AI Evals for AI Enablement Platforms

How platform teams build shared eval infrastructure for reusable AI coding tools that serve multiple teams and diverse codebases.

10 minute read

Platform teams build reusable AI coding tools for multiple teams. Shared eval infrastructure (base configs, grader libraries, rubric templates) eliminates duplication and enforces consistency across the plugin portfolio.
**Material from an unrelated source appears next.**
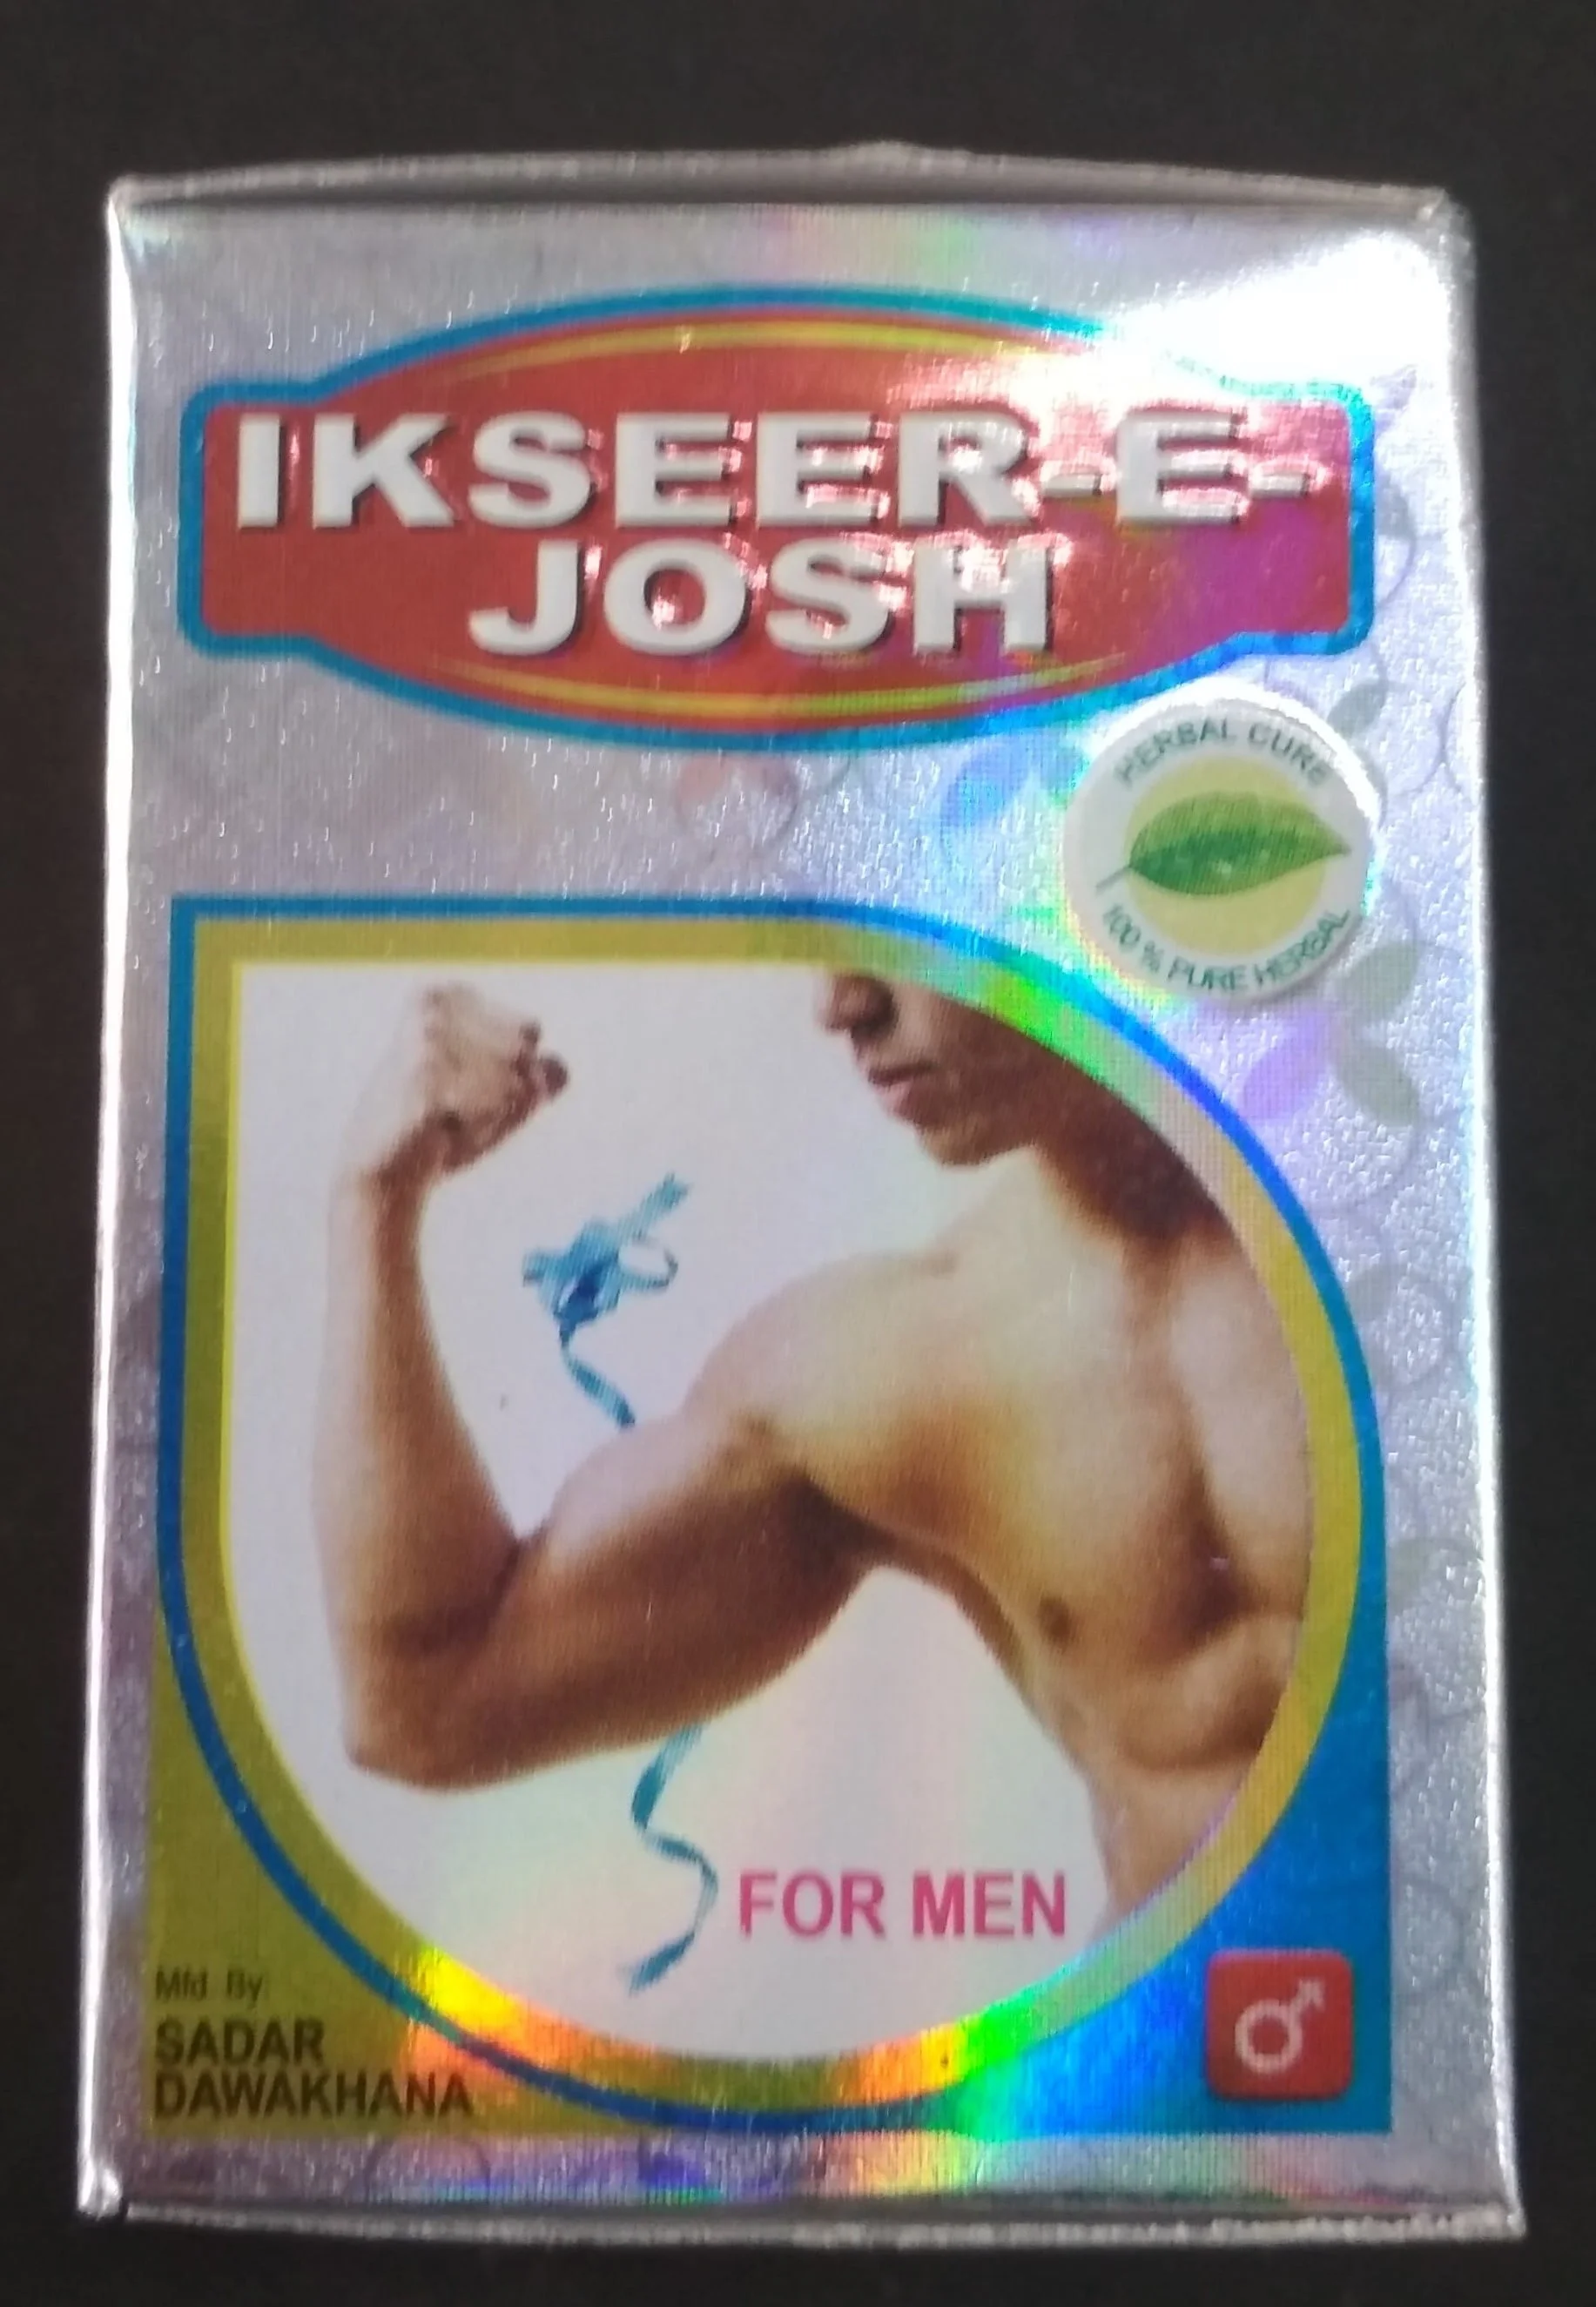 ikseer-E-josh tablets 80 tab Sadar Dawakhana

Reference implementation: The dev-plugins repository demonstrates these patterns with Promptfoo, Claude Code, and custom graders.

What is an AI Enablement Platform

An AI enablement platform is the team that builds reusable AI coding tools (prompts, agents, plugins, skills) for multiple teams in an organization. Instead of every team writing their own code review agent or scaffolding command, the platform team builds these once and distributes them.

The platform challenge: your tools must work across diverse codebases with different languages, frameworks, and coding conventions. You cannot manually test against every consumer’s codebase. You cannot rely on consumer teams to report regressions.

The eval challenge compounds this: each tool in your portfolio needs its own eval suite, and those suites share common infrastructure. Without shared eval patterns, you duplicate graders, rubrics, and fixture conventions across every plugin.

Multi-Plugin Eval Architecture

The dev-plugins reference implementation demonstrates a monorepo structure that separates shipping artifacts from eval infrastructure. This example uses Claude Code plugins, but the same pattern applies to any collection of reusable AI tools:

plugins/frontend-dev/          # Ships to users
  .claude-plugin/plugin.json
  commands/*.md
  agents/*.md
  skills/*/SKILL.md

plugins/ai-readiness/          # Ships to users
  .claude-plugin/plugin.json
  commands/*.md
  agents/*.md
  skills/*/SKILL.md

evals/frontend-dev/            # Stays in repo
  promptfooconfig.yaml
  suites/                      # 5 positive + 3 negative suites
  graders/{deterministic,transcript,llm-rubrics}/
  fixtures/
  reference-solutions/

evals/ai-readiness/            # Stays in repo
  promptfooconfig.yaml
  suites/                      # 7 positive + 7 negative suites
  graders/{deterministic,transcript,llm-rubrics}/
  fixtures/
  reference-solutions/

eval-infra/                    # Shared across all plugins
  promptfoo-base.yaml
  grader-lib/
  rubric-templates/
  scripts/

Running Evals Across the Portfolio

Run evals for a single plugin or the entire portfolio:

npm run eval:frontend          # One plugin
npm run eval:readiness         # Another plugin
npm run eval:all               # All plugins

The eval-infra/scripts/run-plugin-evals.sh script iterates over a KNOWN_PLUGINS list, running each plugin’s eval suite and aggregating results.

Plugin Validation

Before running evals, validate that a plugin has the required structure:

./eval-infra/scripts/validate-plugin.sh frontend-dev

This checks for required directories, manifest fields, at least one command, at least one eval suite, and proper naming conventions. Validation catches structural problems before they cause confusing eval failures.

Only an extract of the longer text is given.